Re: Help Ceph Cluster Down

Caspar Smit <casparsmit@xxxxxxxxxxx> · Fri, 4 Jan 2019 14:38:18 +0100

Are the numbers still decreasing?
This one for instance:

"3883 PGs pending on creation" 

Caspar

Op vr 4 jan. 2019 om 14:23 schreef Arun POONIA <arun.poonia@xxxxxxxxxxxxxxxxx>:
Hi Caspar, 
Yes, cluster was working fine with number of PGs per OSD warning up until now. I am not sure how to recover from stale down/inactive PGs. If you happen to know about this can you let me know?

Current State: 

[root@fre101 ~]# ceph -s
2019-01-04 05:22:05.942349 7f314f613700 -1 asok(0x7f31480017a0) AdminSocketConfigObs::init: failed: AdminSocket::bind_and_listen: failed to bind the UNIX domain socket to '/var/run/ceph-guests/ceph-client.admin.1053724.139849638091088.asok': (2) No such file or directory
  cluster:
    id:     adb9ad8e-f458-4124-bf58-7963a8d1391f
    health: HEALTH_ERR
            3 pools have many more objects per pg than average
            505714/12392650 objects misplaced (4.081%)
            3883 PGs pending on creation
            Reduced data availability: 6519 pgs inactive, 1870 pgs down, 1 pg peering, 886 pgs stale
            Degraded data redundancy: 42987/12392650 objects degraded (0.347%), 634 pgs degraded, 16 pgs undersized
            125827 slow requests are blocked > 32 sec
            2 stuck requests are blocked > 4096 sec
            too many PGs per OSD (2758 > max 200)

  services:
    mon: 3 daemons, quorum ceph-mon01,ceph-mon02,ceph-mon03
    mgr: ceph-mon03(active), standbys: ceph-mon01, ceph-mon02
    osd: 39 osds: 39 up, 39 in; 76 remapped pgs
    rgw: 1 daemon active

  data:
    pools:   18 pools, 54656 pgs
    objects: 6051k objects, 10944 GB
    usage:   21933 GB used, 50688 GB / 72622 GB avail
    pgs:     11.927% pgs not active
             42987/12392650 objects degraded (0.347%)
             505714/12392650 objects misplaced (4.081%)
             48080 active+clean
             3885  activating
             1111  down
             759   stale+down
             614   activating+degraded
             74    activating+remapped
             46    stale+active+clean
             35    stale+activating
             21    stale+activating+remapped
             9     stale+active+undersized
             9     stale+activating+degraded
             5     stale+activating+undersized+degraded+remapped
             3     activating+degraded+remapped
             1     stale+activating+degraded+remapped
             1     stale+active+undersized+degraded
             1     remapped+peering
             1     active+clean+remapped
             1     activating+undersized+degraded+remapped

  io:
    client:   0 B/s rd, 25397 B/s wr, 4 op/s rd, 4 op/s wr

I will update number of PGs per OSD once these inactive or stale PGs come online. I am not able to access VMs (VMs, Images) which are using Ceph. 

Thanks
Arun

On Fri, Jan 4, 2019 at 4:53 AM Caspar Smit <casparsmit@xxxxxxxxxxx> wrote:
Hi Arun,

How did you end up with a 'working' cluster with so many pgs per OSD?

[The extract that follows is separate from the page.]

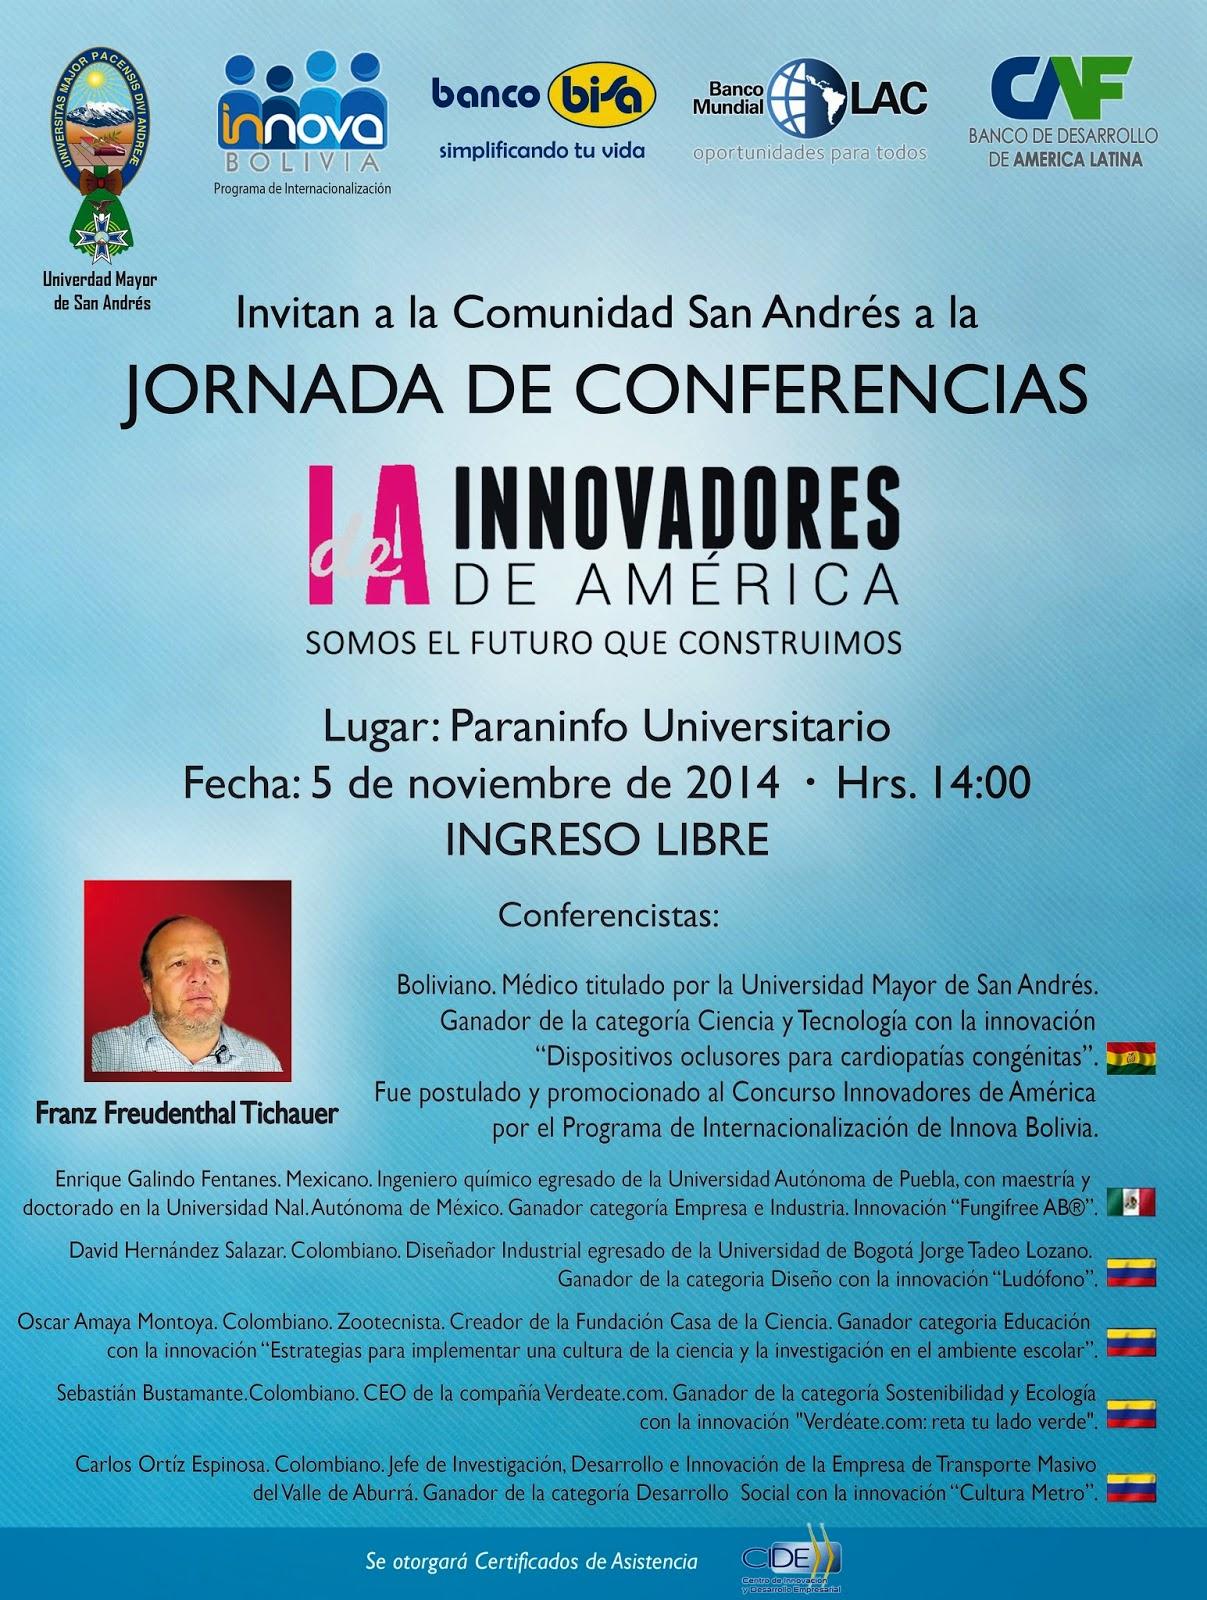 INNOVADORES DE AMÉRICA | NOTICIAS DE UNIVERSIDADES DE BOLIVIA

"too many PGs per OSD (2968 > max 200)"

To (temporarily) allow this kind of pgs per osd you could try this:

Change these values in the global section in your ceph.conf:

mon max pg per osd = 200
osd max pg per osd hard ratio = 2

It allows 200*2 = 400 Pgs per OSD before disabling the creation of new pgs.   

Above are the defaults (for Luminous, maybe other versions too)
You can check your current settings with:

ceph daemon mon.ceph-mon01 config show |grep pg_per_osd

Since your current pgs per osd ratio is way higher then the default you could set them to for instance:

mon max pg per osd = 1000
osd max pg per osd hard ratio = 5

Which allow for 5000 pgs per osd before disabling creation of new pgs.

You'll need to inject the setting into the mons/osds and restart mgrs to make them active.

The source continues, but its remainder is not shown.